Malignant narcissists are more violent, aggressive, paranoid and sadistic than one might expect from a normal narcissist.

“If you generally think of a person as having ASPD or being sadistic, then you need to know and understand the type of person you’re dealing with,” Delta warned.

Delta said in a separate statement video that your past experiences may have contributed to your diagnosis.

She claimed that by the time she was 10, she had been a victim of sex trafficking for years and had allegedly been frequently raped.

Delta added that she also suffers from adult traumas, including poverty, being institutionalized and severe anxiety, adding that her experiences worsened her existing condition which she said had been there since childhood.

1. Gray Rock the Narcissist

Unlike a typical narcissist who exaggerates his or her own importance, malignant narcissists feed on any form of attention they can get, regardless of whether it is positive or negative.

To combat this behavior, Delta advised that people should “roll over” the narcissist by eliminating any and all emotional responses to their actions.

“It’s about making yourself as boring as possible, as uninteresting as possible, without generating any emotional reaction, giving very short yes or no answers – things that won’t allow the malignant narcissist to feed off of your energy,” Delta said.

A person with this disorder enjoys making people act strangely by hurling insults or yelling at the malignant narcissist.

Delta provided the example: “I love it when people dehumanize me. I love it when people snap at me.”

By luring a malignant narcissist into you, you will cause him to lose interest in you because you are boring and do not satisfy his need to get an emotional response from that person, she explained.

“You’re not giving me any kind of narcissistic supply, you’re not stimulating me,” Delta said. “What the hell would I want to do with you?”

While she acknowledged that she can recognize when people are rocking her with gray hair, Delta said most malignant narcissists probably won’t recognize this tactic.

A malignant narcissist will try to exert power and control over you, but there are steps you can take, including giving them the illusion of control, rocking them, and cutting off contact.

2. Give the malignant narcissist the illusion of power and control.

If no contact is not an option, Delta advised viewers to manipulate the malignant narcissist by flipping the script and giving them the illusion of having power and control over them.

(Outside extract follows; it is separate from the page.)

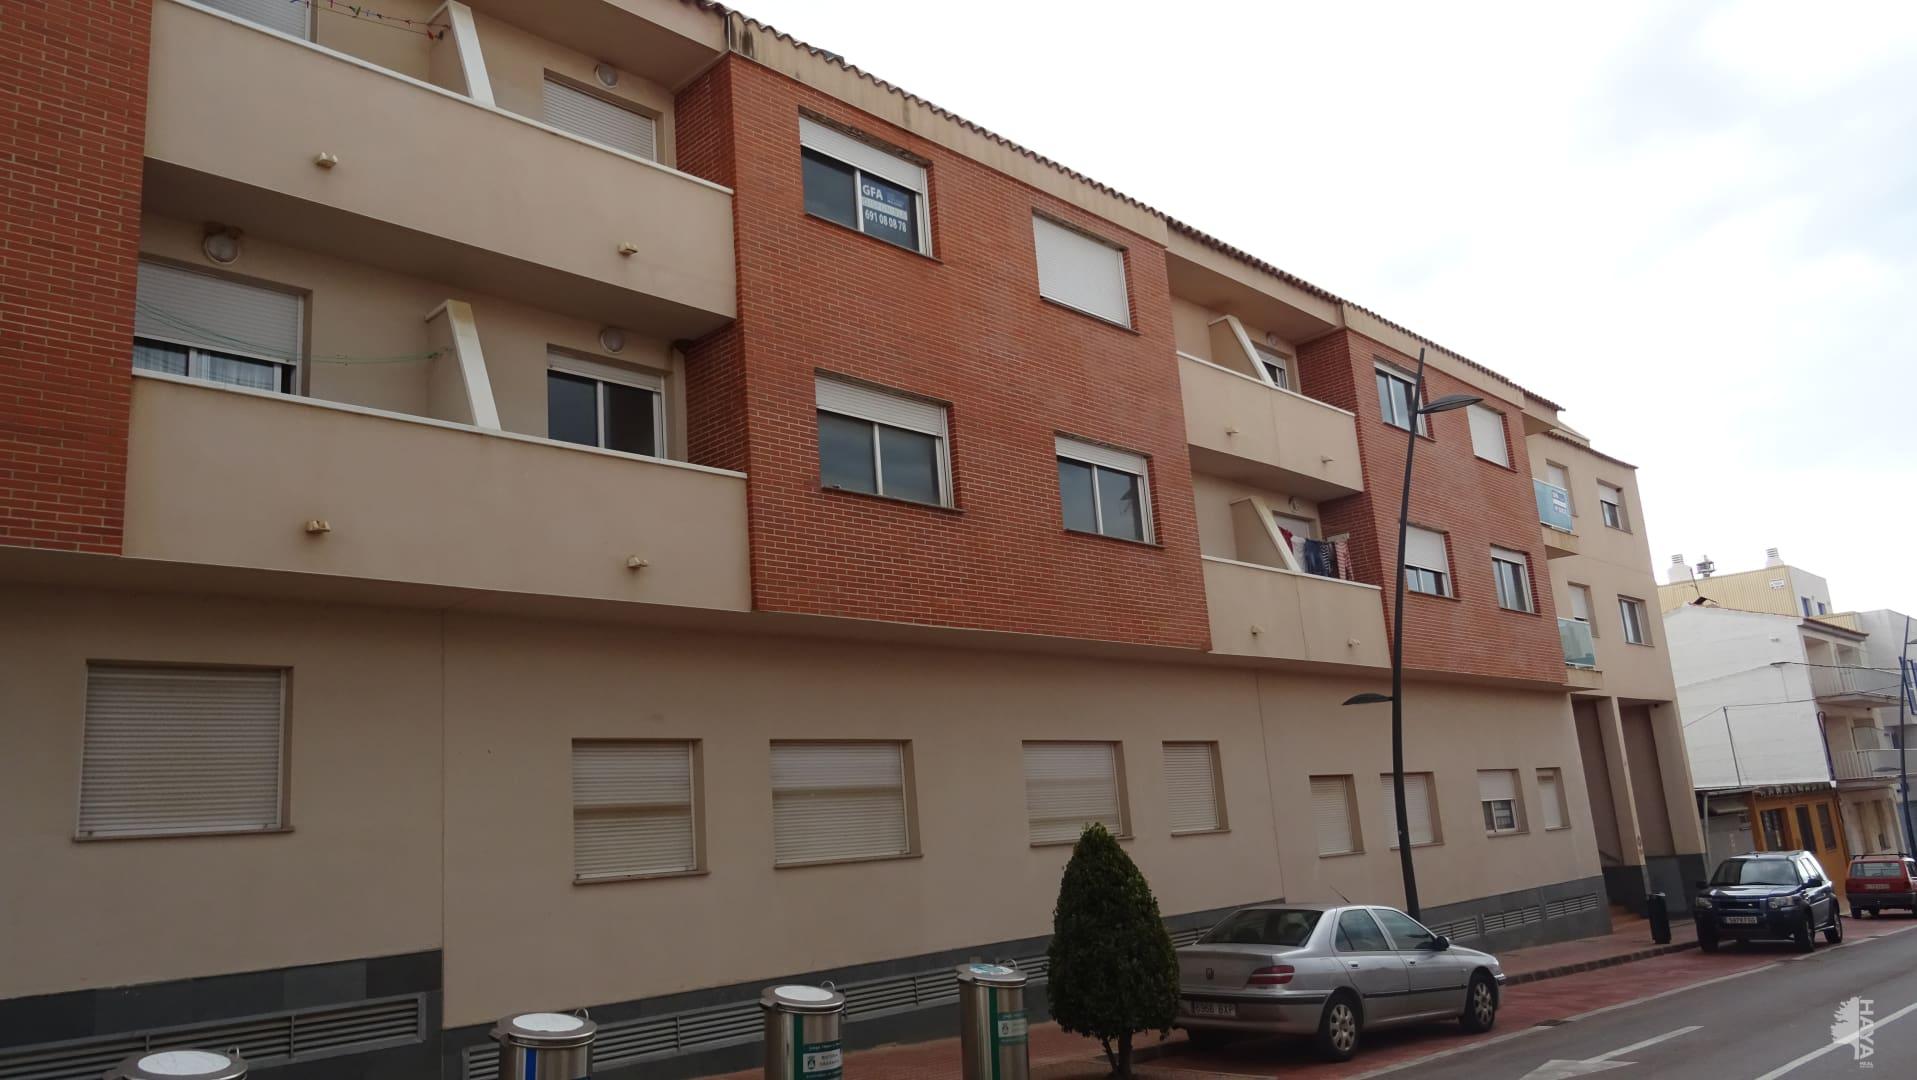 Piso en venta en Torreblanca, Castellón, Calle Colon, 63.000 €, 3 habitaciones, 2 baños, 96 m2

The main goal of malignant narcissists “is to gain power and control” over others, but Delta said that by taking away that ability they can protect themselves from their abuse.

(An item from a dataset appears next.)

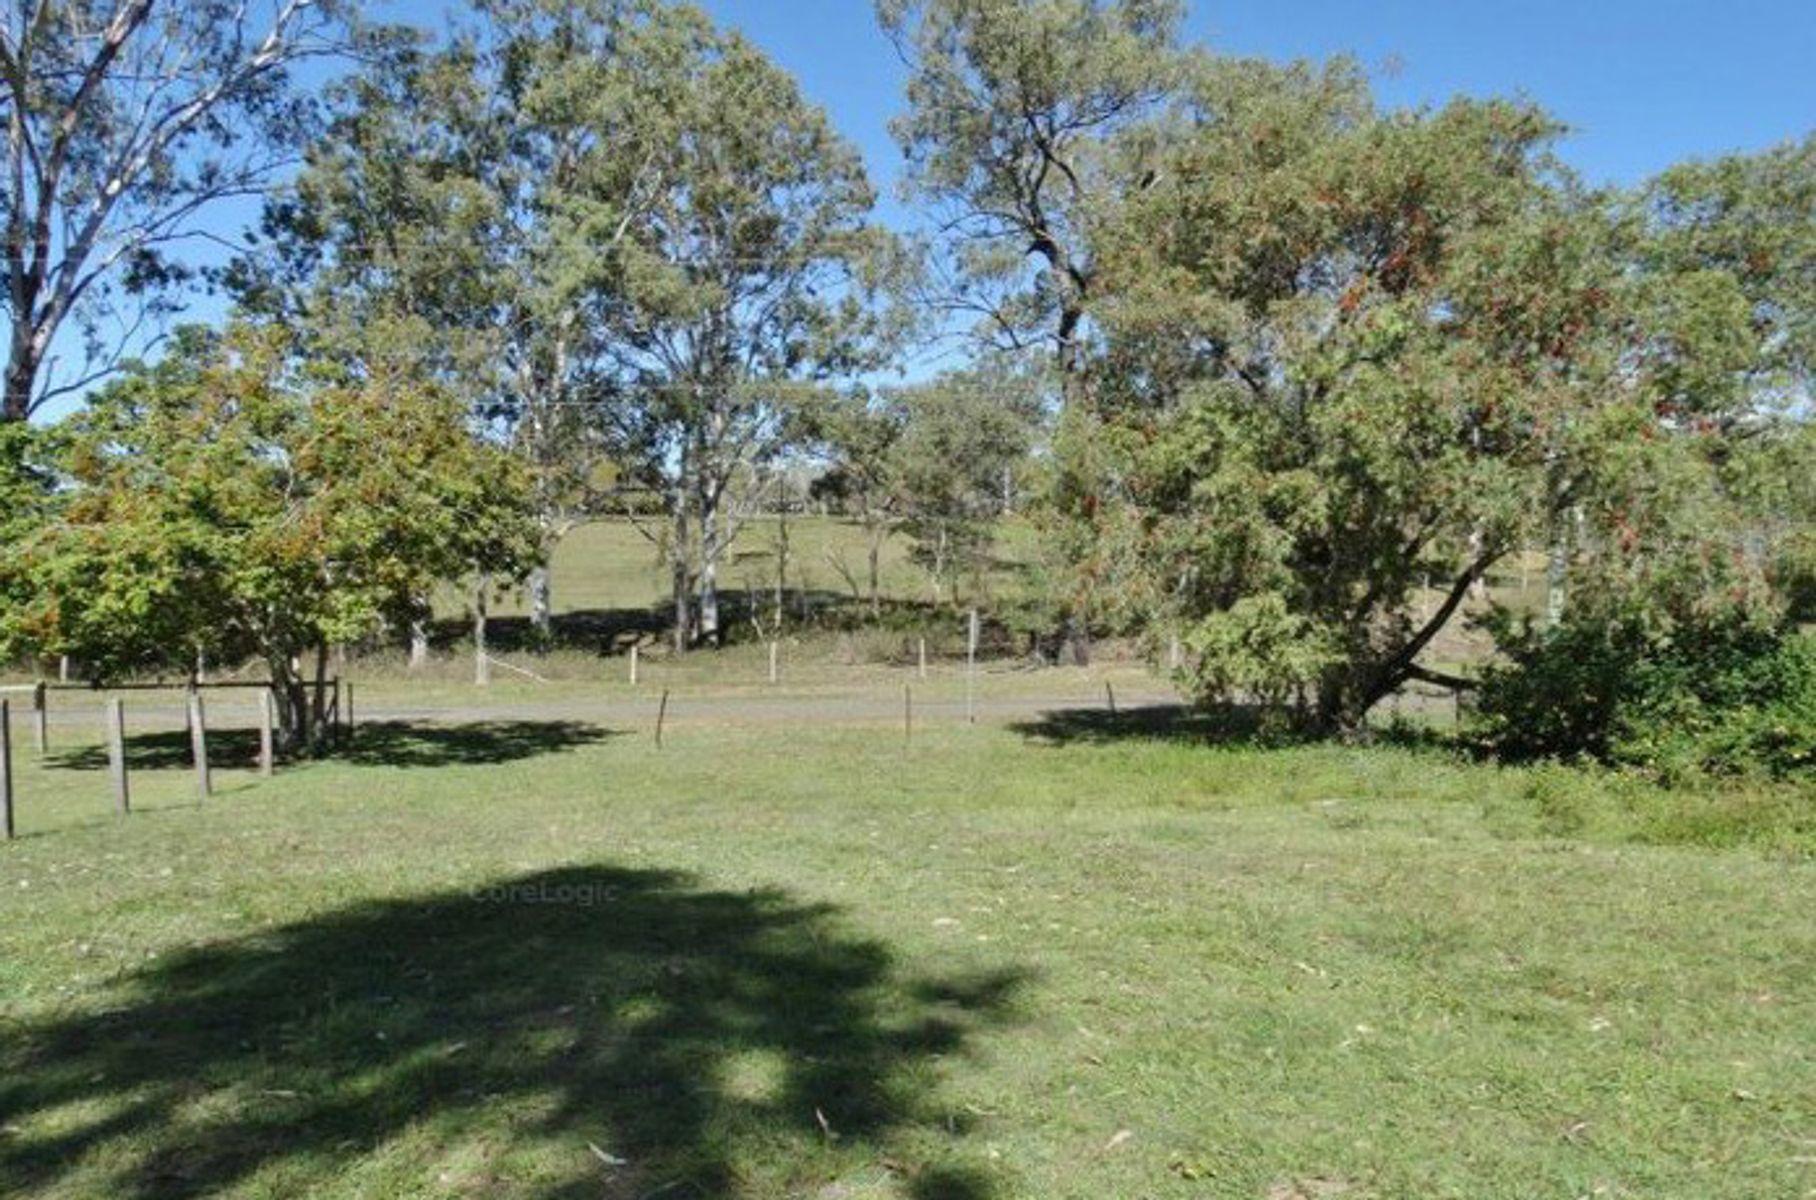 1453 John Clifford Way, Lowmead, QLD 4676

“Giving someone the illusion of control is a good thing for power-hungry people who need to be in control, like narcissists,” Delta said.

‘If someone gives me the illusion of being the one in power, even if they’re the puppet master pulling the strings behind the scenes, then I’m much less likely to realize that I’m being manipulated because it’s feeding into my grandiosity.

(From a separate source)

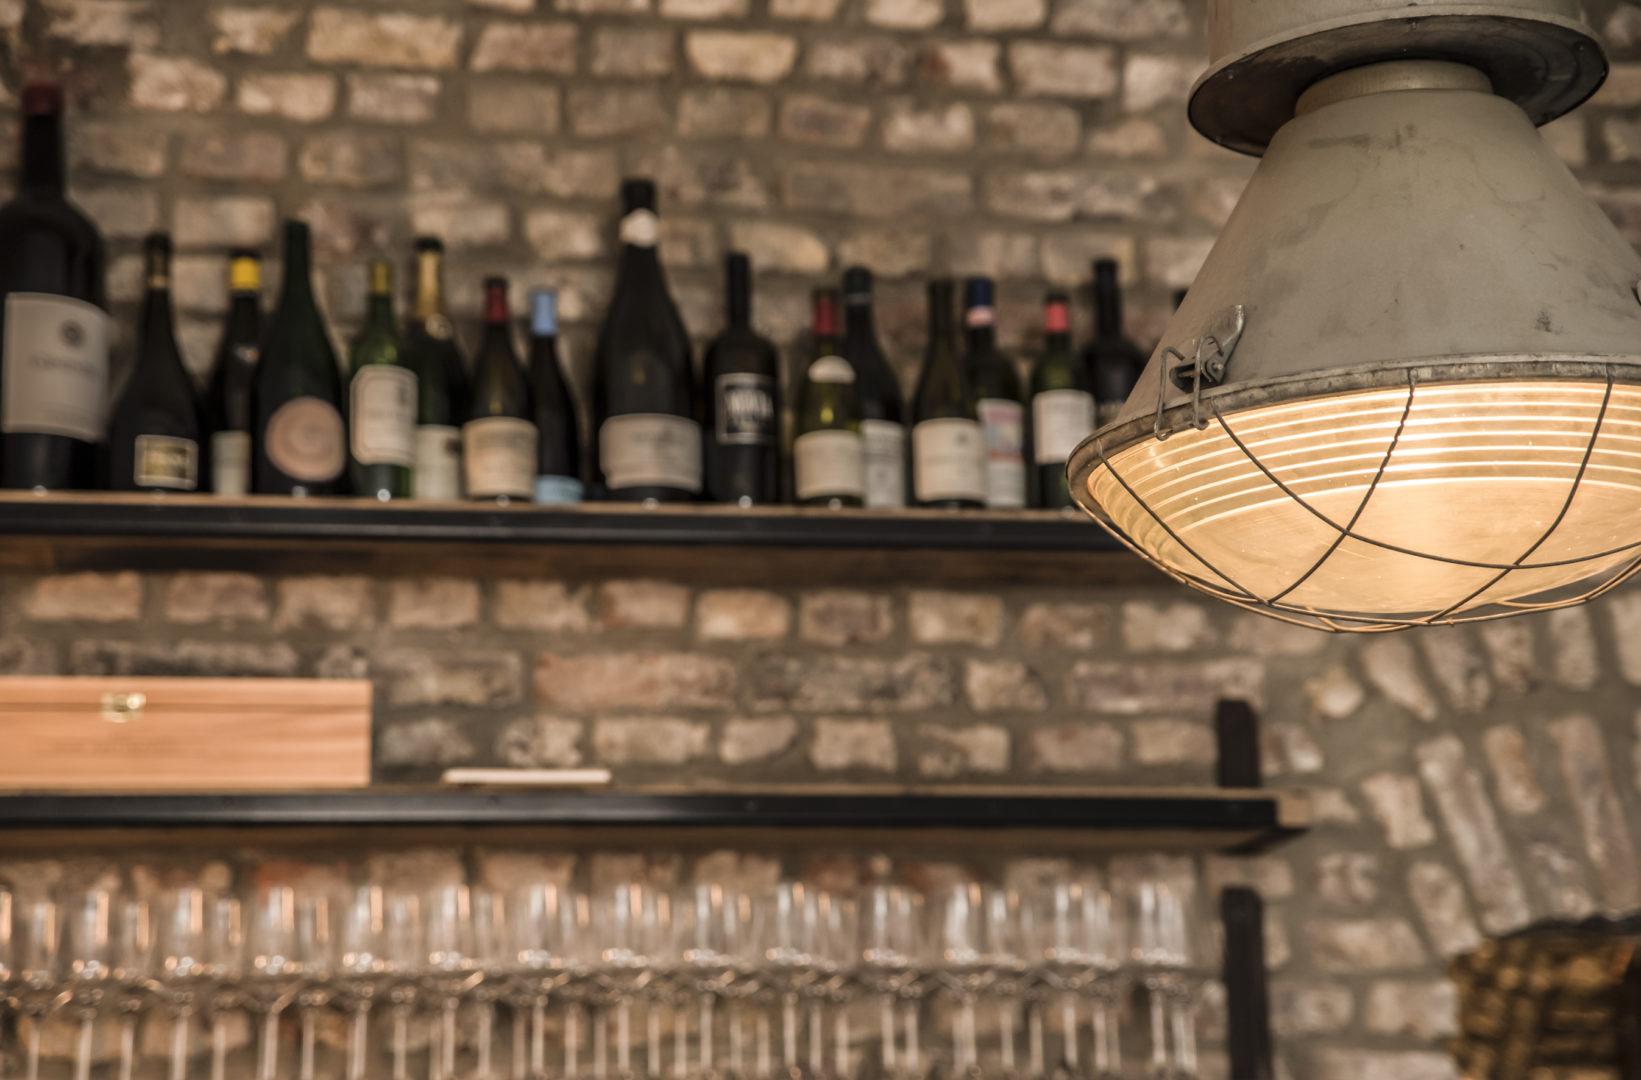 Die Weinbar Eiskeller in Düsseldorf von innen

“They are feeding my ego by putting me in a position of perceived power.”

This can help with your self-preservation, although it is not an ideal option because if the malignant narcissist realizes you are manipulating him, it could have disastrous consequences, he continued.

This could result in what is known as emotional dysregulation – when a malignant narcissist loses his or her control over others, causing them to experience intense mood swings including anger and frustration, according to Psychology today.

Delta warned that giving the illusion of control “is not a long-term solution and your long-term goal should be to have no contact if you are abused.”

3. No contact

The first and most important step you should take when dealing with a malignant narcissist is to completely cut off contact with him, Delta said.

This may be even more important if the person is not trying to overcome their disorder or is not self-aware.

It is especially important to cut all ties if they are being abusive or sadistic towards you, such as belittling, tormenting, or humiliating you.

Malignant narcissists feel and enjoy people’s pain, and get great pleasure from bringing others down, so it’s important to go no contact with them, Delta said.